John Kuo Wei Tchen is a professional historian who has helped Americans discover the riches of immigrant culture through his prolific writings, lectures, media productions, and organizational efforts. As cofounder of New York's Chinatown History Museum, he's won praise all across the Nation for his innovative approaches to presenting community history. He served 2 years as Chairman of the New York Council for the Humanities, and recently he was appointed to the Advisory Council of the Smithsonian. He wrote a prize-winning book on photographs of San Francisco's Chinatown.

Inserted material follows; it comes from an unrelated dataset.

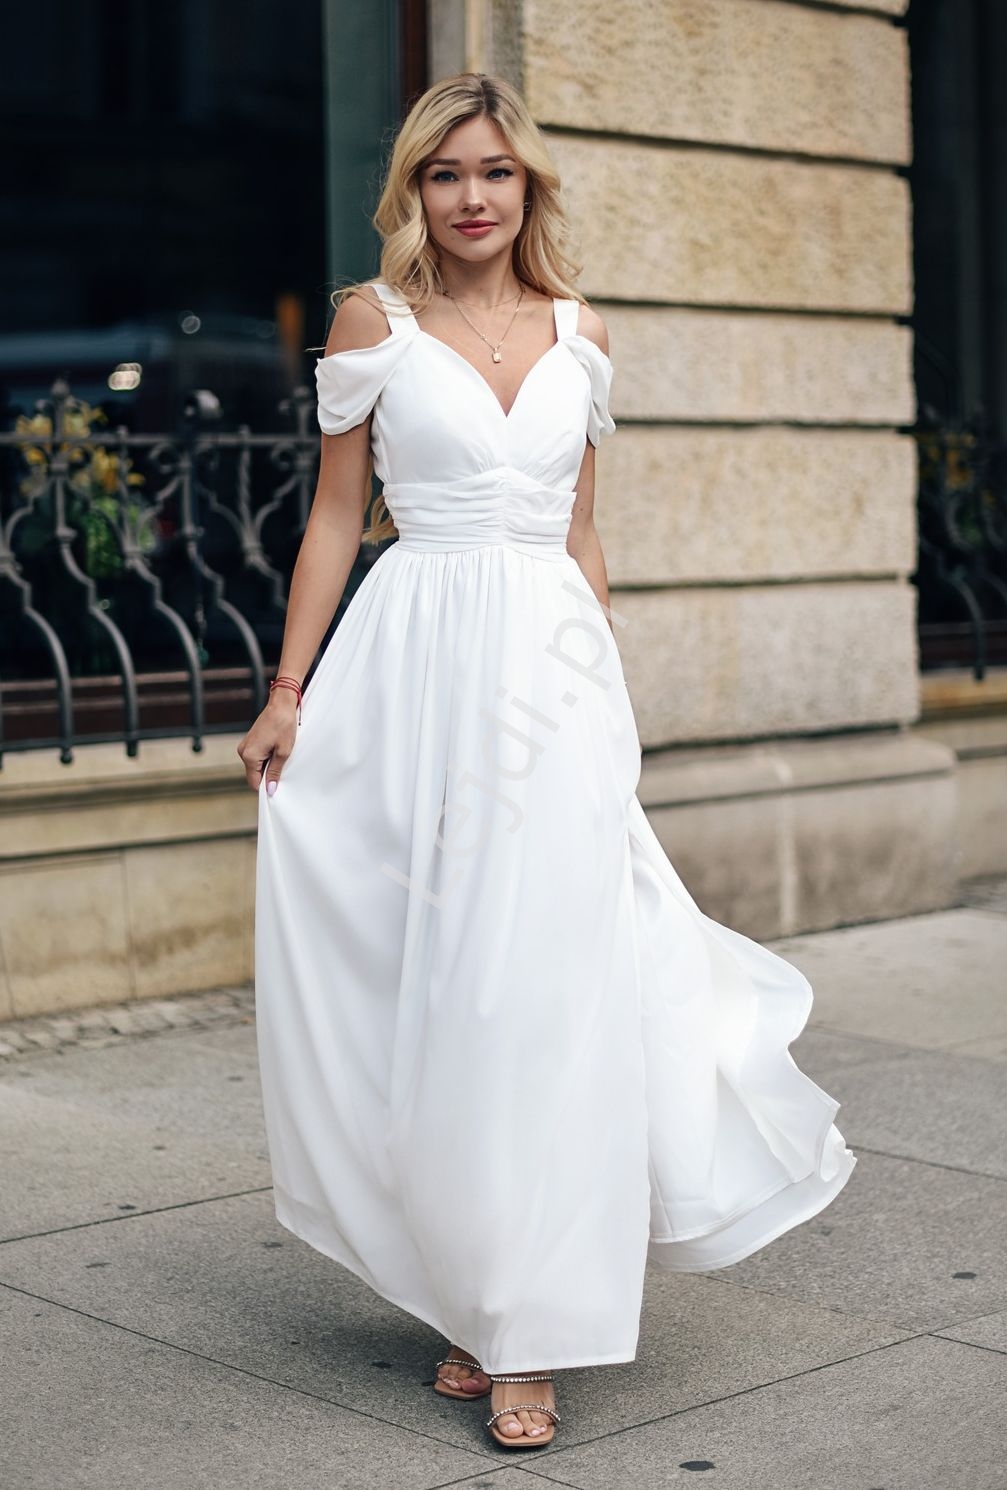 Image of Kremowo biała sukienka ślubna w romantycznym stylu KM315

And on behalf of all Americans, Barbara and I thank all of you for the commitment that you've shown to the humanities and to your fellow citizens. And may God bless you all.

And now, Chairman Cheney, if you will take over and instruct us as to how we present these well-deserved awards.

Chairman Cheney. I can do this, Mr. President, if you show me how the podium works. [Laughter]

The President. Yes. I don't want you to look like Queen Elizabeth. [Laughter]

[At this point, the President presented the awards.]

The President. Thank you all for coming. And congratulations once again to all the winners -- well-deserved. We're proud of you.

Note: The President spoke at 11:34 a.m. in the East Room at the White House. A tape was not available for verification of the content of these remarks.